The parts mentioned above belong to the static data part. All the data in the NameNode memory must change with the read and write conditions. Of course, the BlockManager also needs to manage this part of the dynamic data. The main reason is that the distribution of Blocks needs to be adjusted in time when the changes in the Block do not meet expectations. There are several core data structures involved here:

excessReplicateMap: If the actual number of replicas stored in a block is more than the preset number of replicas, the redundant replicas need to be deleted at this time, and the redundant replicas will be placed in excessReplicateMap. excessReplicateMap is the set of mappings from the StorageID of the DataNode to the Block collection.
neededReplications: If the actual number of replicas stored in a block is less than the preset number of replicas, it is necessary to supplement the missing replicas. Here, which blocks are missing and how many replicas are stored in the neededReplications, in essence, the neededReplications is a priority queue, and the number of replicas is missing. The more blocks, the more they will be processed first.
invalidateBlocks: If a block is about to be deleted, it will be placed in invalidateBlocks. invalidateBlocks is a set of mappings from the DataNode's StorageID to the Block collection. If a file is deleted by the client, all blocks to which the file belongs will be placed in invalidateBlocks first.
corruptReplicas: In some scenarios, Blocks are not available due to timestamp/length mismatch, etc., and will be temporarily stored in corruptReplicas and processed later.

The first few core data structures that involve dynamic changes in Block distribution are actually transitional in nature. The ReplicationMonitor thread inside BlockManager (identified as Thread/Monitor in Figure 5) will continue to fetch data from it and distribute it through logical processing. The data structure corresponding to the specific DatanodeDescriptor (there will be a brief introduction in 3.3 NetworkTopology), when the heartbeat of the corresponding DataNode comes, the NameNode will traverse the data temporarily stored in the DatanodeDescriptor, convert it into the corresponding command and return it to the DataNode, the DataNode receives the task and After the execution is completed, it is fed back to the NameNode, and then the corresponding information in the DatanodeDescriptor is cleared. For example, the preset number of copies of BlockB is 3, and the actual copy becomes 4 for some reason (for example, the previously offline DataNode D is back online, where B happens to have a copy data of BlockB), BlockManager can detect the copy change in time, and put the redundant copies. The copy of BlockB on DataNode D is placed in excessReplicateMap. The ReplicationMonitor thread periodically checks the data in excessReplicateMap and moves it to invalidateBlocks in DatanodeDescriptor corresponding to DataNode D. When DataNode D comes over next heartbeat, it returns the instruction to delete Block B with the heartbeat. , DataNode D actually deletes the data of Block B on it and feeds it back to NameNode. After that, BlockManager clears Block B on DataNode D from the memory. So far, the copy of Block B is as expected. The whole process is shown in Figure 7.


Processing procedure when the number of replicas is abnormal

Figure 7 Processing process when the number of copies is abnormal

3.3 NetworkTopology

The relationship between Block and DataNode has been mentioned many times before. In fact, NameNode also needs to manage all DataNodes. Not only that, because the data block writing location needs to be determined before data writing, NameNode also maintains the entire rack topology NetworkTopology. Figure 8 shows the in-memory rack topology diagram.

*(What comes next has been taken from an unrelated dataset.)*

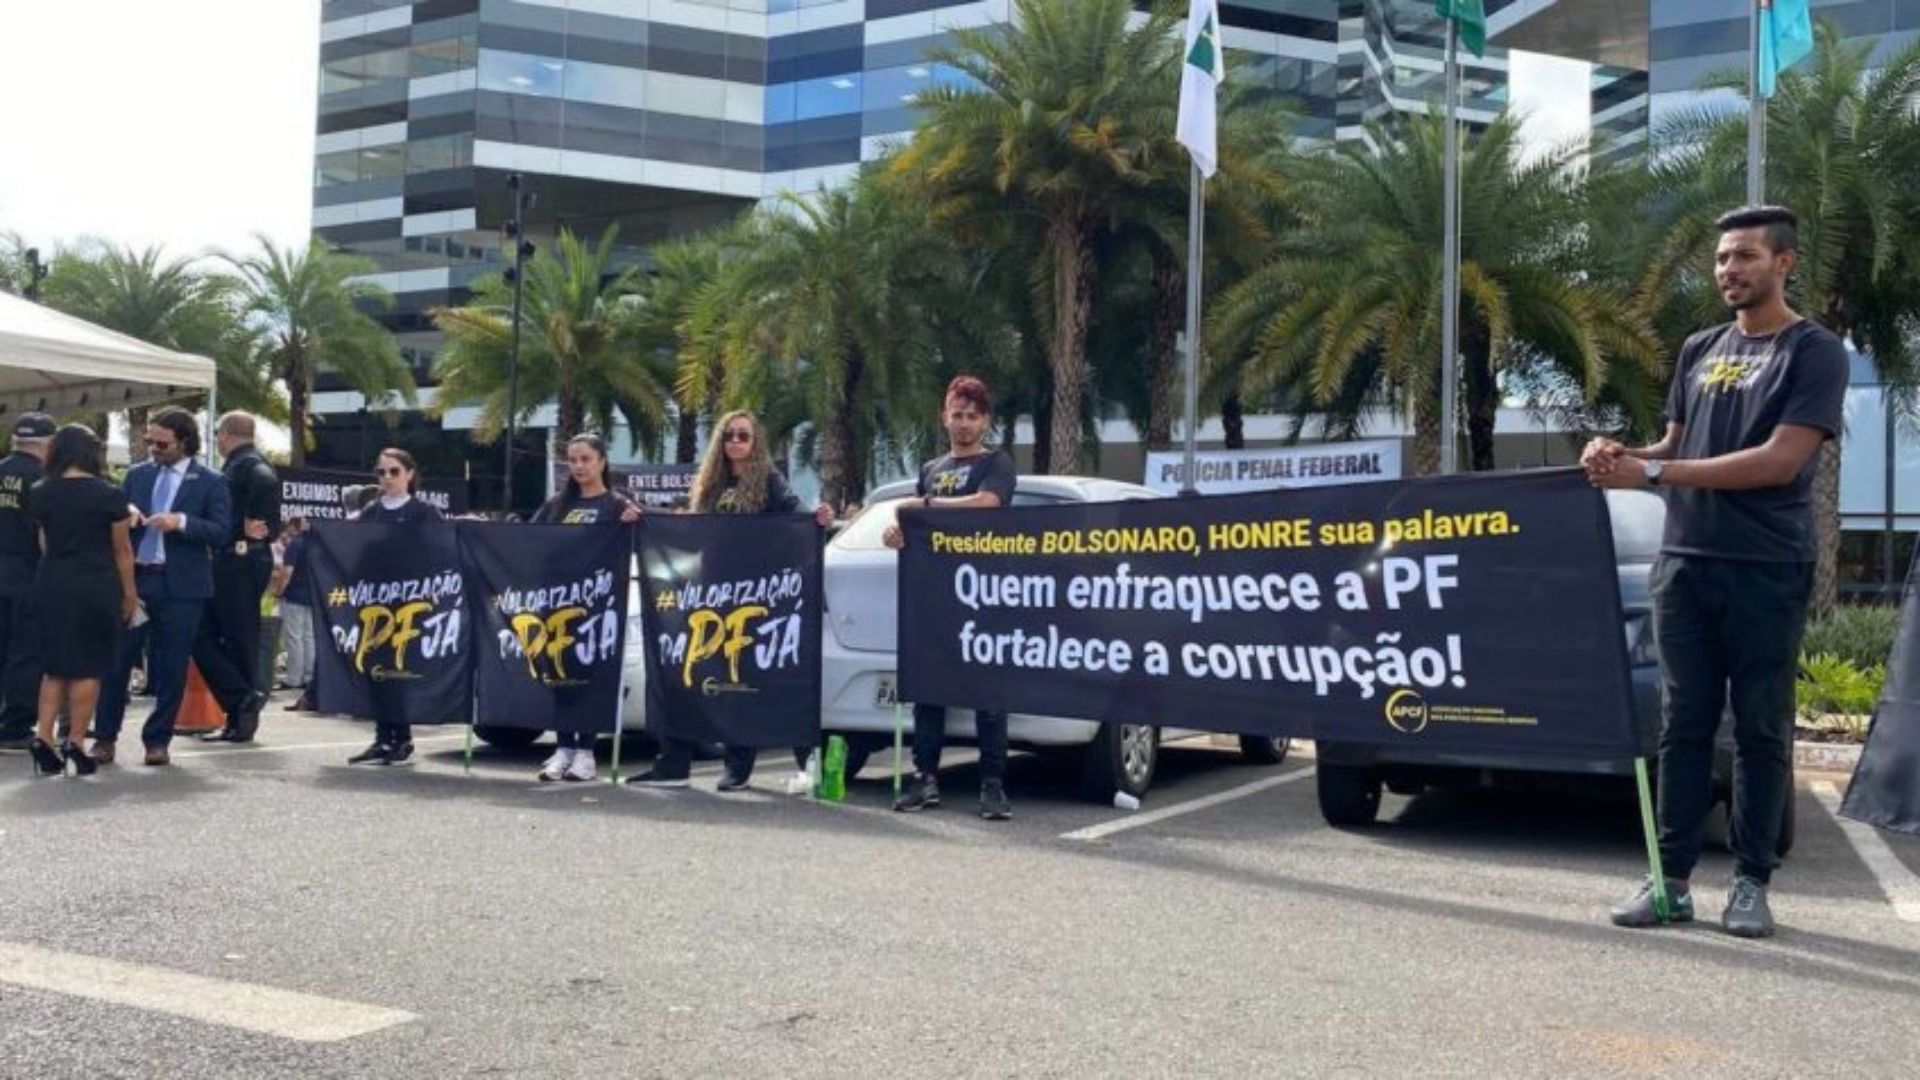 Foto de funcionários da PF com faixas e cartazes contra a decisão do presidente Bolsonaro.

NetworkTopology memory structure

Figure 8 NetworkTopology memory structure

It can be seen from Figure 8 that there are two parts here: rack topology NetworkTopology and DataNode node information. The tree-like rack topology is established after the cluster is started according to the rack perception (usually calculated by external scripts), and the topology of the entire rack generally does not change during the life cycle of the NameNode; the other part is Comparing the key DataNode information, BlockManager has mentioned that the Blocks collection on each DataNode will form a doubly linked list. More accurately, all Blocks collections on DatanodeStorageInfo of each DataNode storage unit will form a doubly linked list. The entry of this linked list It is the DatanodeStorageInfo managed by the leaf node of the rack topology, that is, the DataNode. In addition, since the addition, deletion and query of data by upper-layer applications change at any time, the Blocks on DatanodeStorageInfo will also change dynamically, so the DataNode object on NetworkTopology will also manage these dynamically changing data structures, such as replicateBlocks/recoverBlocks/invalidateBlocks, these data structures It just corresponds to the dynamic data structure managed by BlockManager, which realizes the dynamic change of data transmitted by BlockManager to DataNode memory objects and finally reaches the actual execution flow process of physical DataNode through instructions. The process has been introduced in 3.2 BlockManager.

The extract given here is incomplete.